Así lo llevan haciendo desde 2017 Raquel y Jon Mikel González, fundadores de ‘Kaitxo’, uno de los primeros tostadores de cacao bean to bar -del haba a la tableta- de España, cuando pocos eran los que dominaban ya no el término, sino el oficio. Los pueblos son tendencia ahora, pero resulta que la tendencia ya habitaba en ellos.
Cuando parece que todo iba a ser olor a musgo y a madera -el tostador se encuentra junto a una fábrica de muebles a las afueras de Balmaseda- lo que espera tras la puerta de ‘Kaitxo’ es un aroma generoso a chocolate. Su abrazo tiene el brío del café, eso sí, del de especialidad, que también está entre sus productos.
No hubo un primogénito. Ni el chocolate ni el café se disputan el amor paternal. “Los entendemos como dos mundos paralelos que tienen muchísimo en común desde las mismas plantas”, cuenta Raquel, master sommelier de cacao certificada por el International Institute of Chocolate and Cacao Testing de Reino Unido.
En una sala acondicionada aguardan los sacos que tía y sobrino muestran con orgullo. Sumergen los dedos entre habas de cacao ella, entre granos de café él. “¿Veis qué color?”, comenta Raquel emocionada con varios nibs de Madagascar en la palma de la mano. Son de un púrpura hipnótico. Los compara con otros de Ecuador, más oscuros: “Hemos estado dos años y medio detrás de este cacao de Manabí y por fin lo hemos conseguido. Lo vamos a hacer al 85 %, pero es tan maravilloso que podemos sacarlo al 100 %. Es raro encontrar un chocolate con el que disfrutes a ese nivel de pureza”. El sabor absoluto. Un derechazo para los neófitos.
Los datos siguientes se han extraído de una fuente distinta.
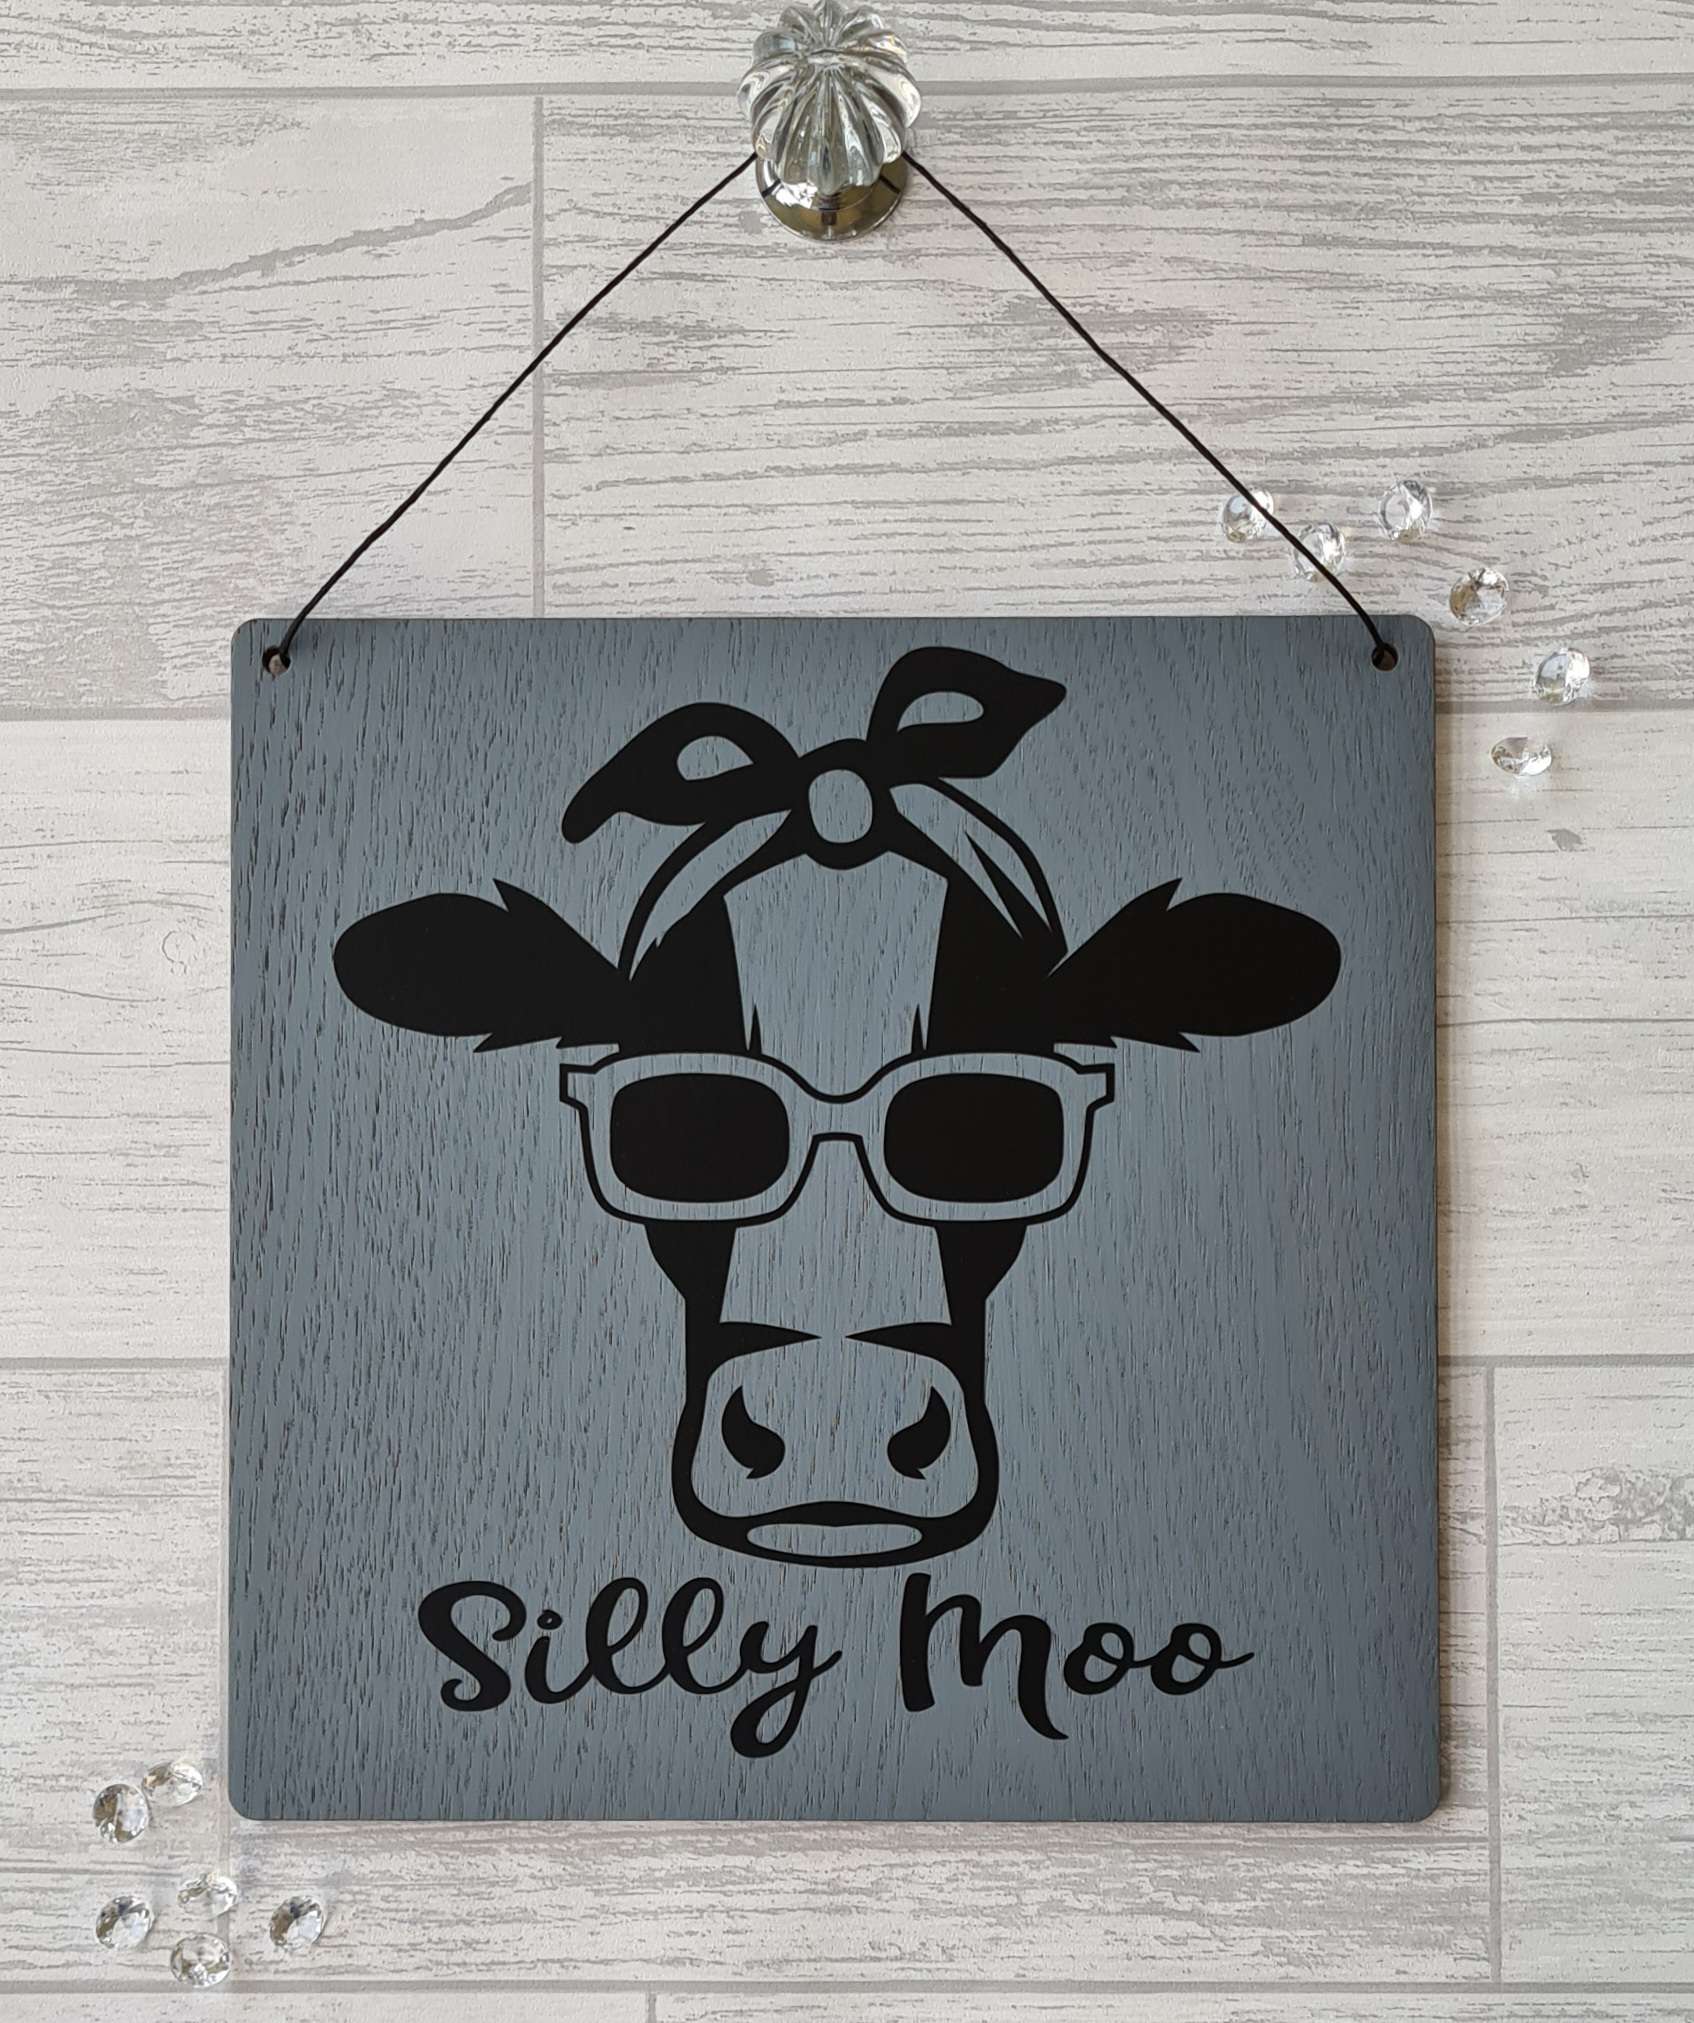 20201214 235726 Looking for a gift for a cow lover? A fun sign for the home. UK postage included - will be dispatched a week after order

Lo que respira en los talegos son habas y granos que proceden de cultivos de pequeñas fincas comprometidas con su producto y a cuya labor, además, se le da el valor simbólico y económico que le corresponde: “Todo empieza en ellos. Si ellos no hicieran bien su trabajo o si trabajaran en un sistema injusto, nosotros no podríamos hacer el café o el chocolate de la calidad de la que los estamos haciendo”, revelan.
Lo primero es un proceso artesanal de cultivo, fermentado y secado en origen, que termina con un tueste respetuoso. Hacen falta ojo, nariz y boca para tostar con puntería. De hecho, si algo caracteriza a las tabletas de chocolate y a los cafés de ‘Kaitxo’ es precisamente eso. Ahí están, arremolinándose en el paladar, las frutas de Madagascar, las flores de Filipinas, los cítricos de Perú. “Nos gusta que el sabor sea muy limpio, que refleje la personalidad del cacao y del café. Somos muy radicales al respecto”, aseveran. Las pistas que ofrecen onzas y sorbos aquí son información privilegiada.
“No solo de pan vive la mujer”, escribía la poeta Gioconda Belli haciendo referencia a ese trozo de chocolate que le hacía a una “abandonarse a una infancia perversa”. De poca perversidad hacía gala Raquel de niña cuando, como nos sucedió a otros tantos millones en este país, se inició su romance con el chocolate. Sin embargo, no se dejó embriagar por aquellas tabletas azucaradas de la hora de la merienda. Debía haber algo más. “Y quise saber qué era. Lo que pasa es que, por aquel entonces, o eras cocinero o eras pastelero, lo que para mí no tenía nada que ver”.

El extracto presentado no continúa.